I am interested in the answer to this question, because I would like to find Nigerians who are like Ruth. Those who would turn their backs on traditions and cultural tokenism to embrace something radically new.

Exposure and education introduce us to new ideas and more importantly, to choices that are available to us. If you are not aware of alternatives, you cannot demand for something better. The rise of mobile Internet has led to increased citizen advocacy in Nigeria. People are aware of better things happening in other parts of the world.

Education and exposure also discipline minds and help people to make reasoned and logical choices. Take a prostitute, for instance.

A woman was born and bred in a brothel and she knew no other life. One day, she was given the opportunity to pursue an education and she left the brothel to explore new worlds. She realised there were other options besides prostitution. She could become a “runs girl”, a second wife, a monogamous wife or even remain single and fulfilled. Education gave her options. But it didn’t end there. Because her mind had been disciplined, she made a reasoned choice based on the pros and cons of the different options available to her. She chose to remain single.

This story still does not explain why prostitutes in similar circumstances and with similar opportunities, make different choices.

So, why was Ruth different from Orpah? To bring it closer to home, why am I the way I am? Why do I not fit the Nollywood image of a typical Nigerian woman? What is it that made me different?

I was born and raised in Nigeria. I schooled and worked here. I come from an average lower middle class family and went to a public university. I have no trace of foreign blood or international school & work experience. I was exposed to average books, music and movies. Nothing about my childhood was spectacular. So why am I not a typical Nigerian? What happened to me? What created my mind? And why did my mind readily accept the Christian God, even when I had the freedom to choose my own gods? My parents never forced me to remain Christian.

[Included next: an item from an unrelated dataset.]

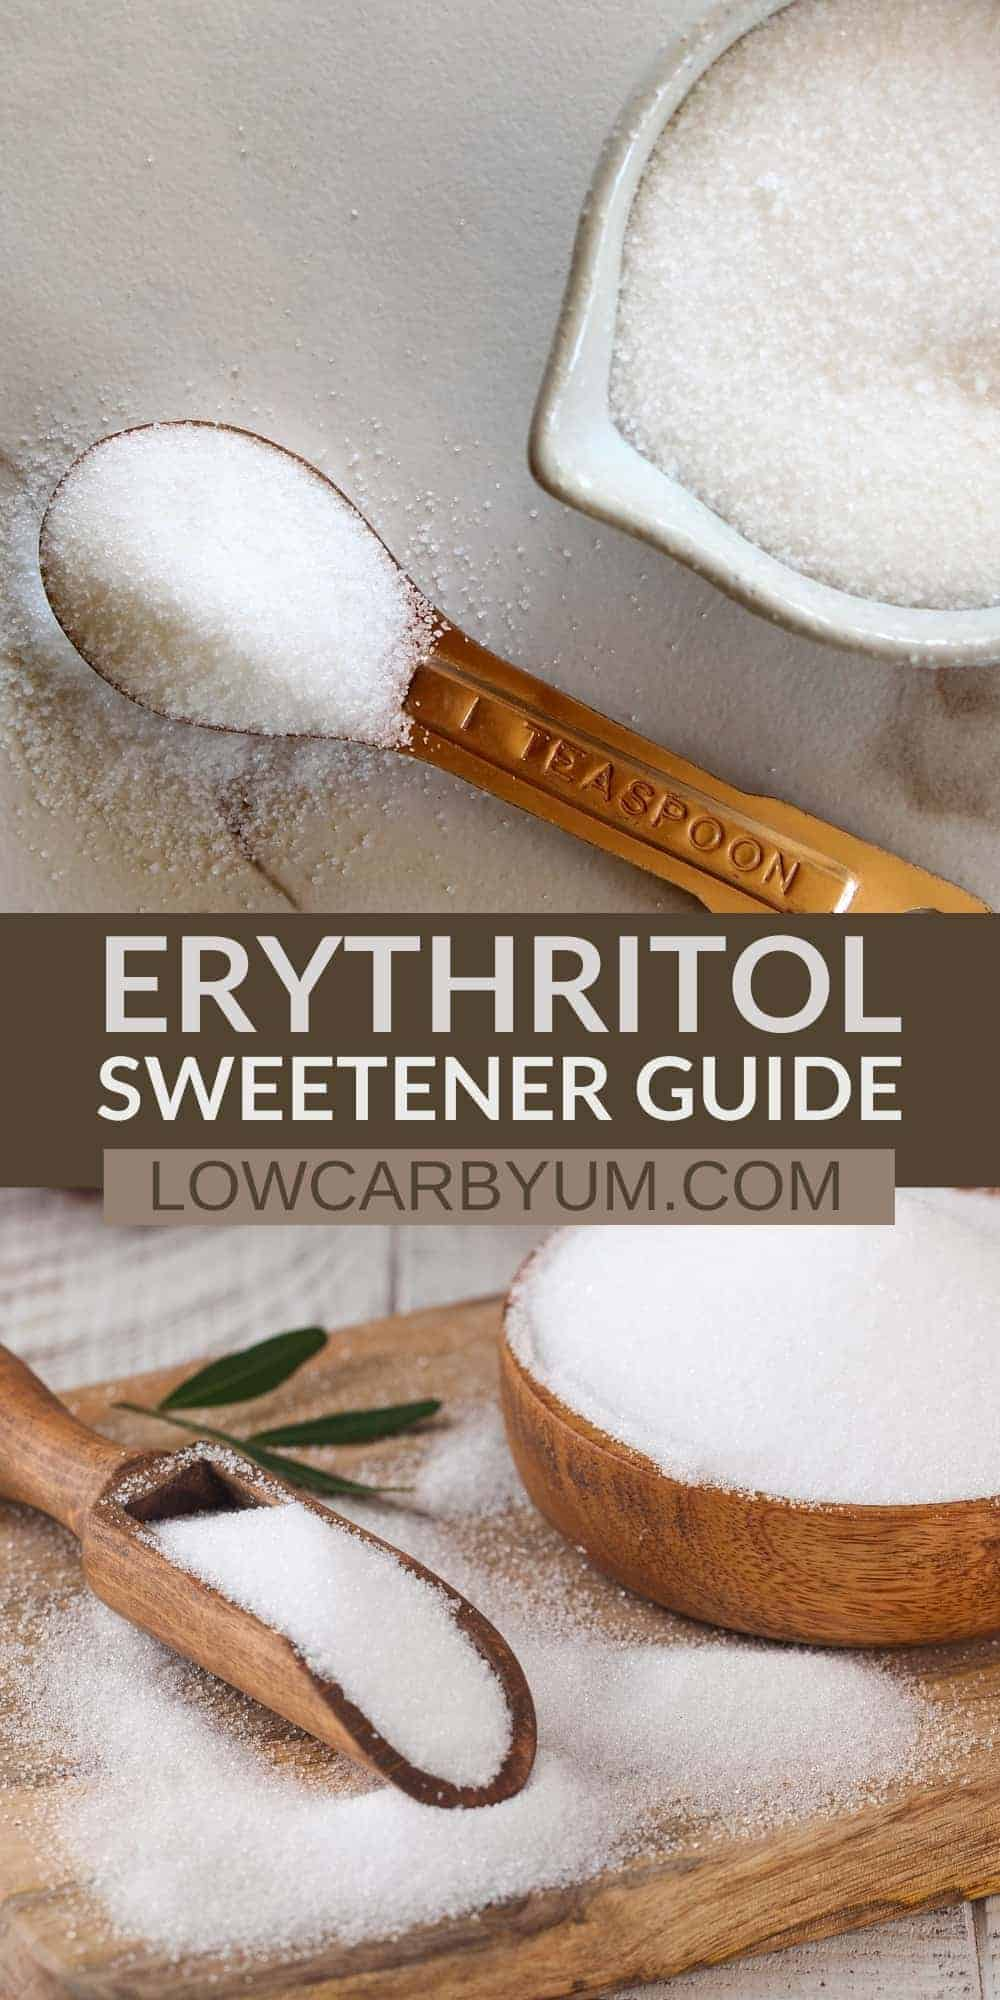 erythritol sweetener pinterest image

The story of Ruth fascinates me because if I can decode her, maybe I can decode me. And then maybe, I can replicate myself.

This year, in addition to helping the honest & hardworking to become wealthy; another mission of mine is to unearth Nigeria’s “special ones”. Those who reject and abhor the negatives that have become so associated with our country – lack of values, corruption and sheer evil.

I would like to identify those who are different. Not because they are trying to be, or because they have read motivational books, but because they are wired differently.

If in the process, I stumble on a methodology to help others become different, that would really be beautiful.